What Is White Labeling in AdPeeps?
White labeling (also called Private Branding) allows you to hide the AdPeeps hosted URL from visitors and advertisers.
With DNS private branding enabled:
- The control panel
- Ad delivery URLs
- Advertiser login pages
all appear to originate from a subdomain on your own website, even though ads are still securely served, tracked, and maintained by AdPeeps on adpeepshosted.com.
This gives you full branding control without sacrificing reliability or performance.
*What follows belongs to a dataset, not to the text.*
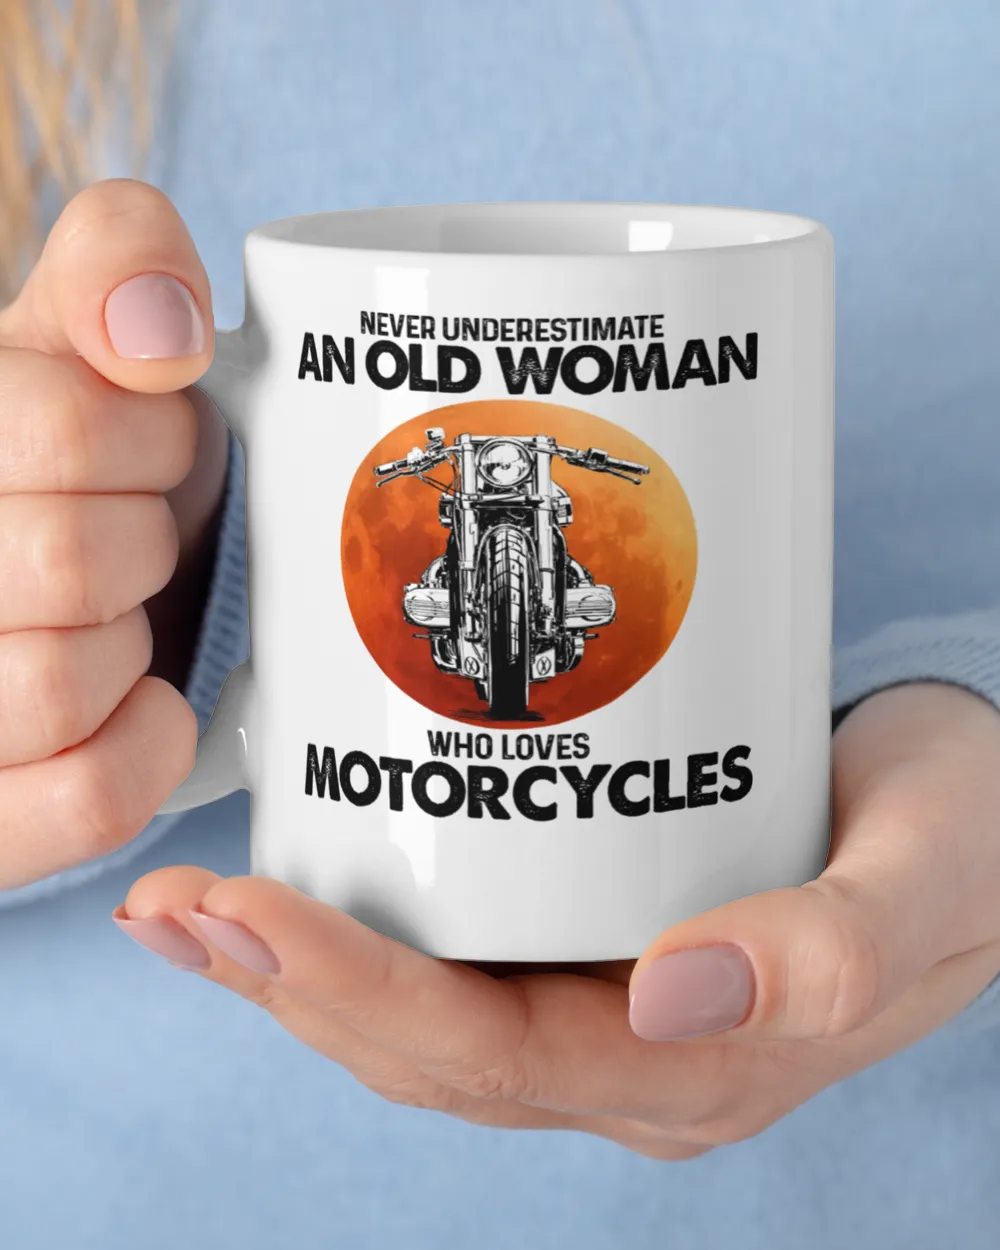 MOTORCYCLES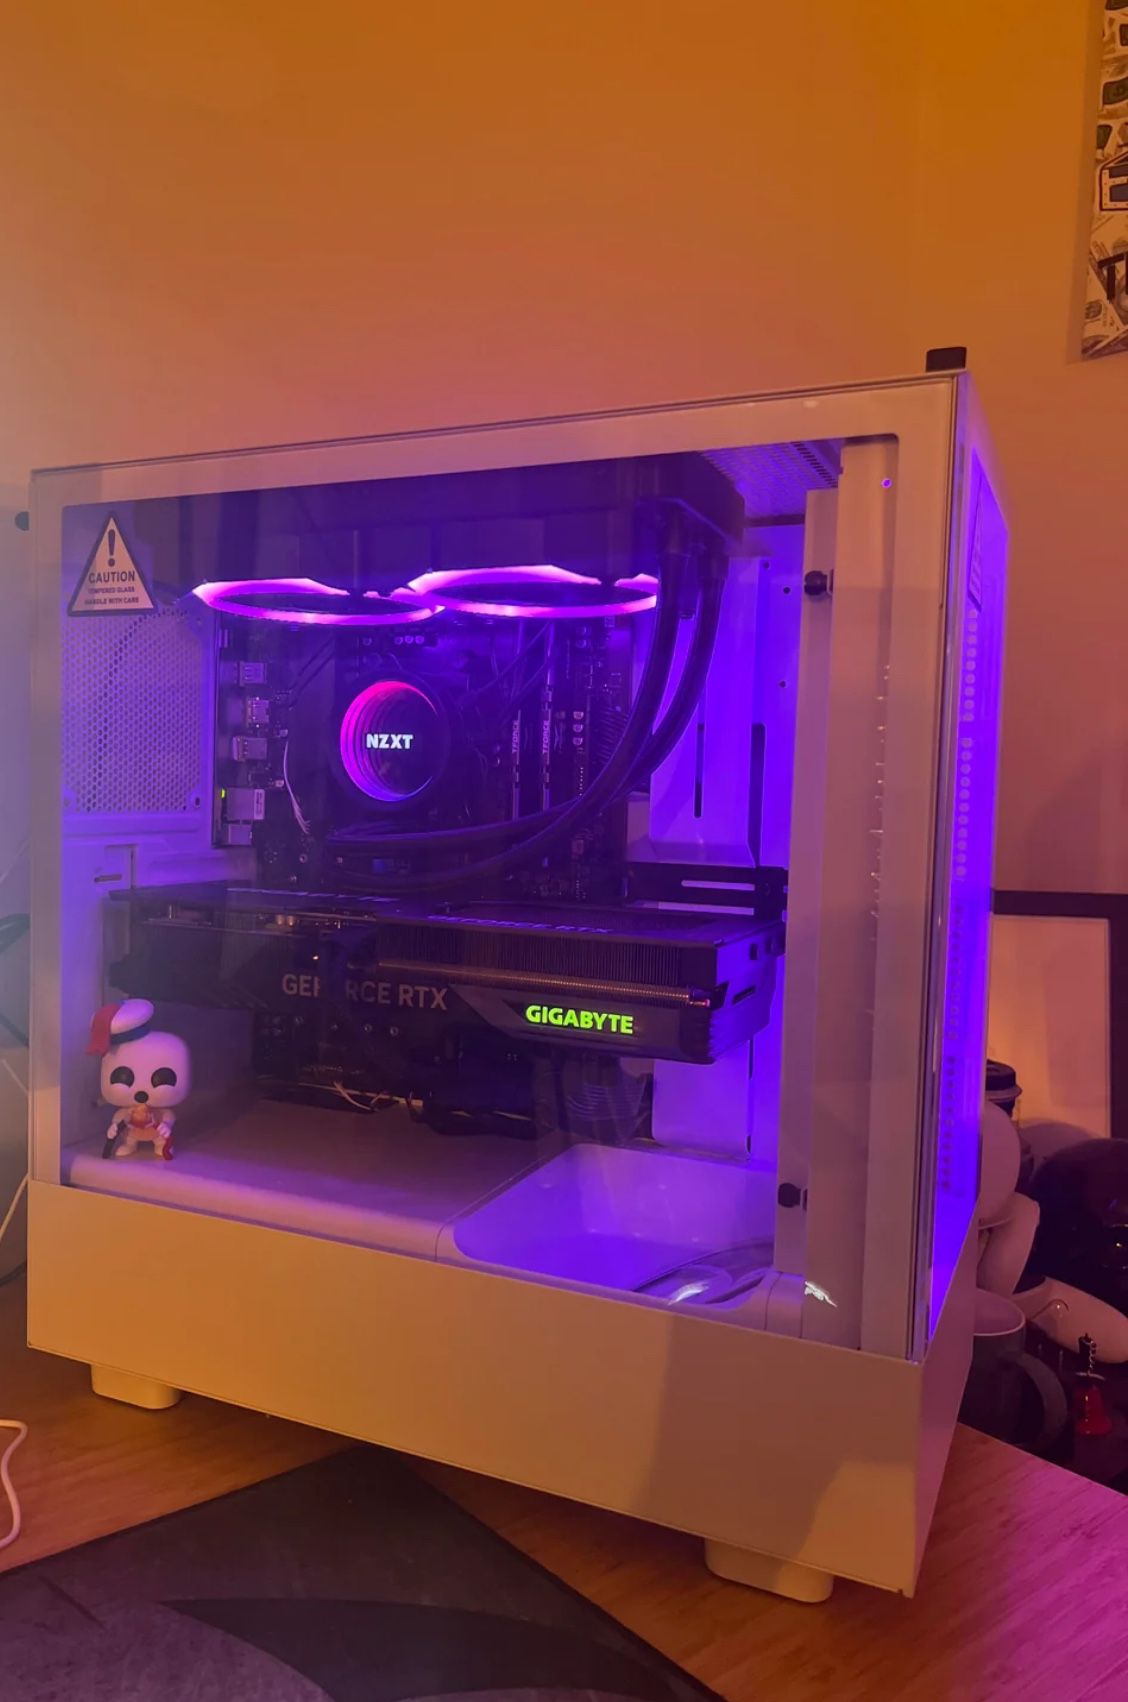 NZXT Player Two High End Gaming Pc

Why Use DNS Private Branding?
DNS forwarding provides several important benefits:
- AdPeeps continues to handle hosting, monitoring, and system stability
- All ad calls and URLs appear to come from your own domain
- Your site maintains a consistent, professional look
- A CNAME record ensures you always point to the correct AdPeeps server, even if IP addresses change
This setup is commonly used by publishers, agencies, and developers offering ad services to clients.
What You’ll Need Before You Start
To use private branding, you must:
- Have access to your domain’s DNS settings
- Be able to create a CNAME record
A CNAME record (also called an alias record) points a subdomain to an existing host record so traffic resolves correctly without hard-coding an IP address.
Step 1: Create a CNAME Record
At your DNS provider or web host:
- Create a CNAME record
- Choose the subdomain you want to use
Example:ads.yourdomain.com - Point the CNAME to the AdPeeps hosted domain as instructed
Many users choose ads, but any subdomain will work.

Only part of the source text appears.